## EXERCISE AIM
Please write out only the lines from the one containing "Lucio Dalla CD" through the last line of the listing. Do not include pictures.

## DATASET CONTENT
=== Section Start ===
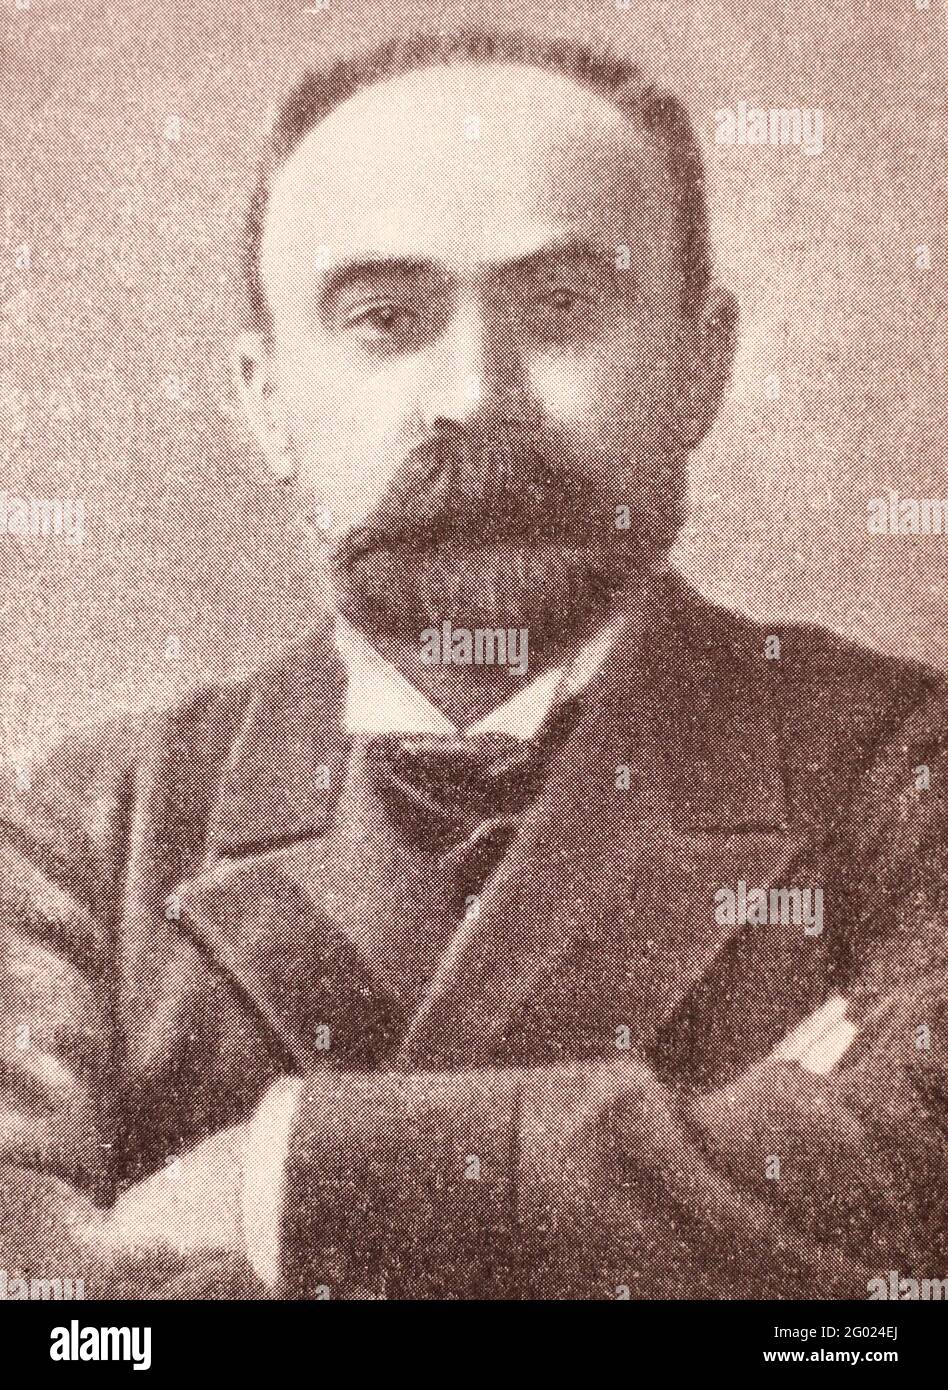 Georgi Walentinowitsch Plechanow war ein russischer Revolutionär, Philosoph und marxistischer Theoretiker. Er war Gründer der sozialdemokratischen Bewegung in Russland und einer der ersten Russen, die sich als "Marxist" identifizierte. Angesichts politischer Verfolgung emigrierte Plechanow 1880 in die Schweiz, wo er seine politischen Aktivitäten fortsetzte, um das zaristische Regime in Russland zu stürzen. Plechanow ist bekannt als der "Vater des russischen Marxismus". Stockfoto
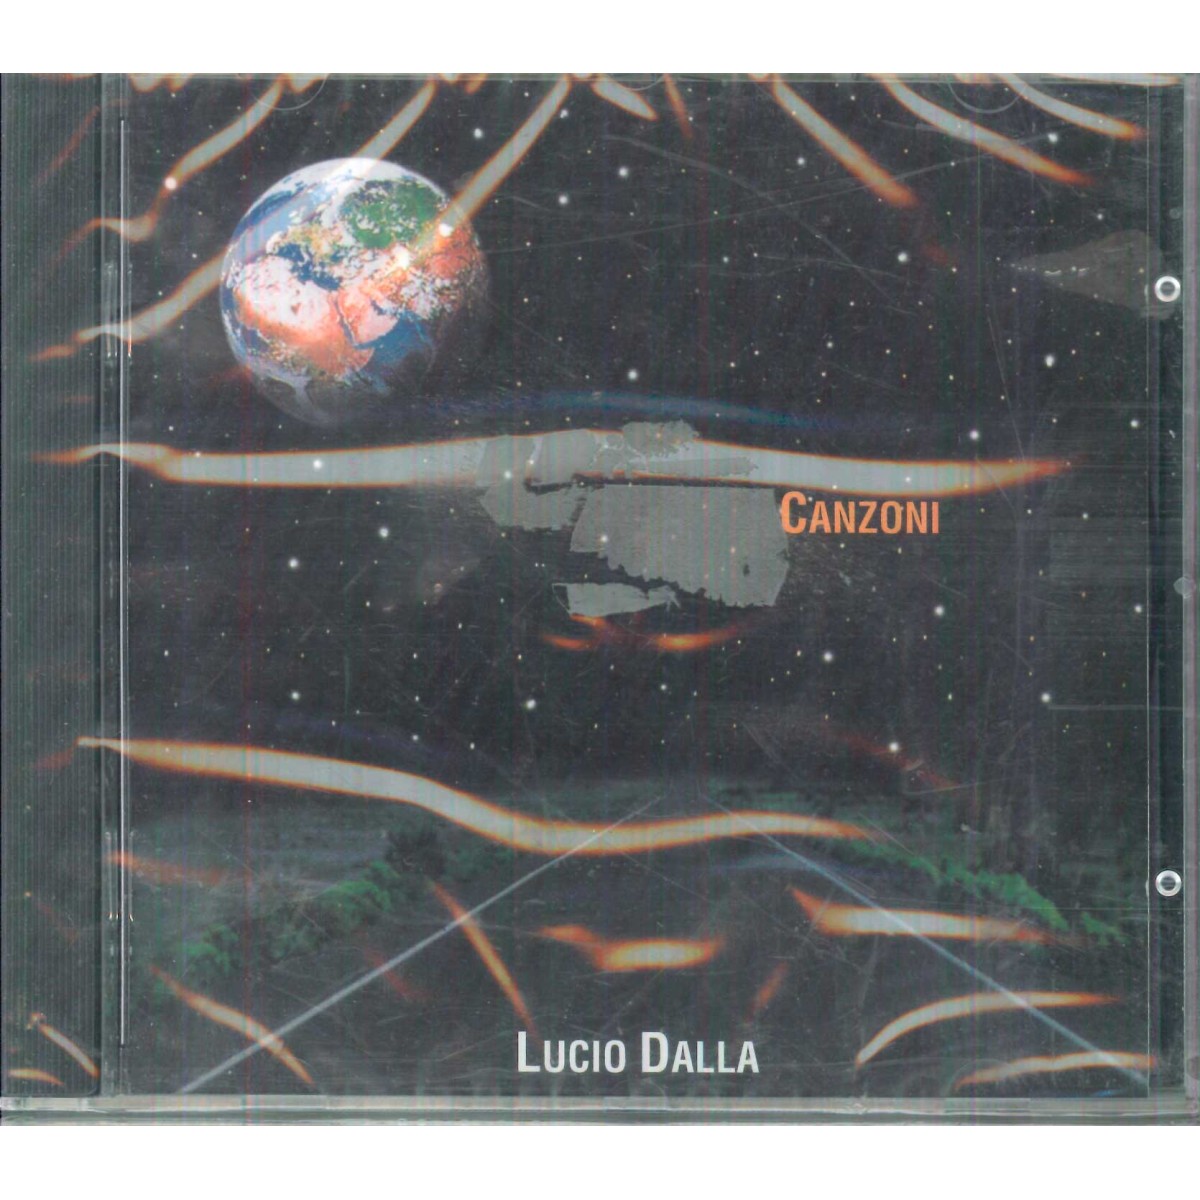 Lucio Dalla CD Canzoni / BMG Pressing ‎– 74321 40062 2
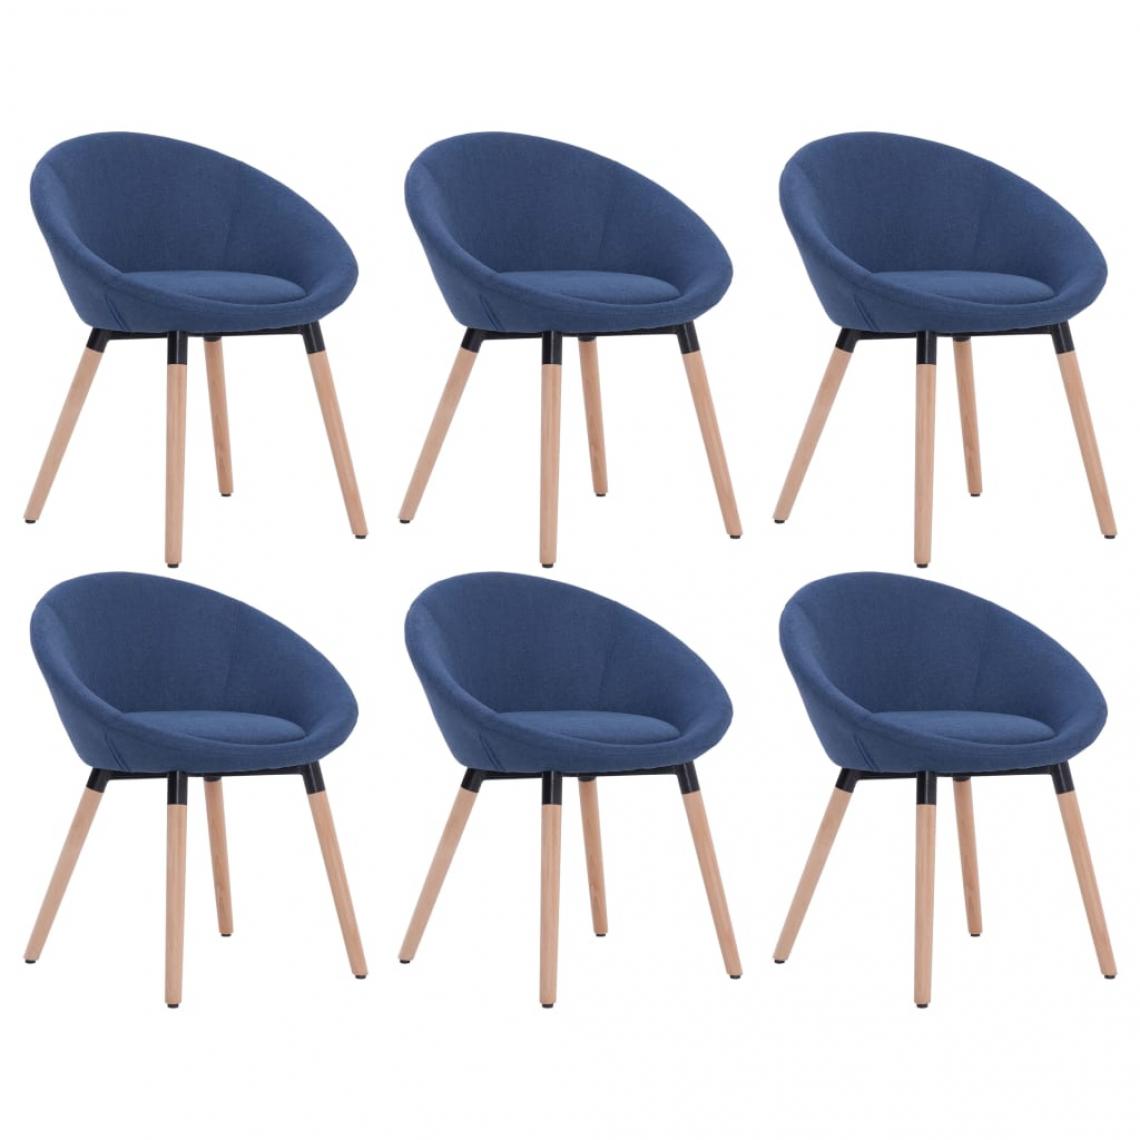 Decoshop26 - Lot de 6 chaises de salle à manger cuisine design contemporain tissu bleu CDS022206 - Chaises
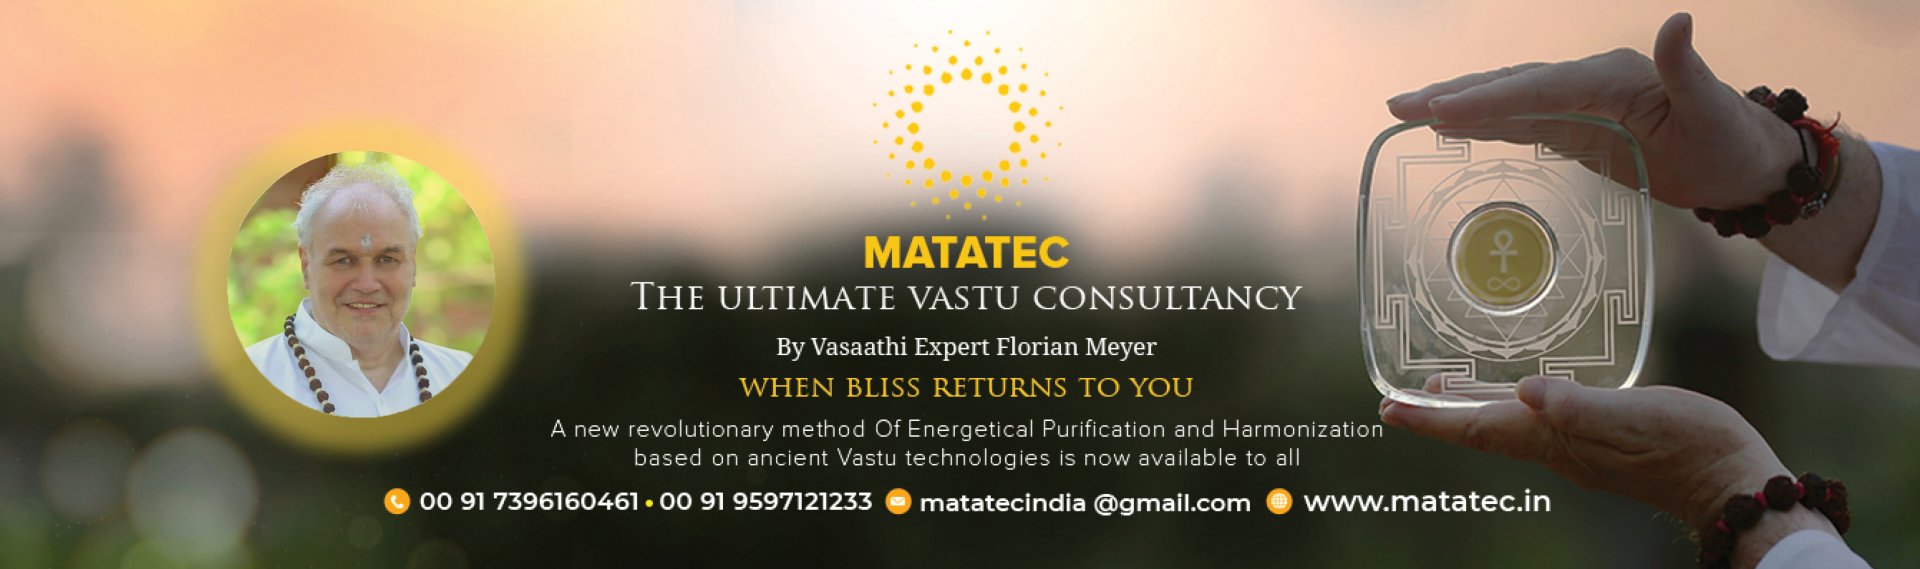 Matatec - the ultimate vastu consultancy
=== Section End ===
## SOLUTION TO THE EXERCISE
 Lucio Dalla CD Canzoni / BMG Pressing ‎– 74321 40062 2
 Decoshop26 - Lot de 6 chaises de salle à manger cuisine design contemporain tissu bleu CDS022206 - Chaises
 Matatec - the ultimate vastu consultancy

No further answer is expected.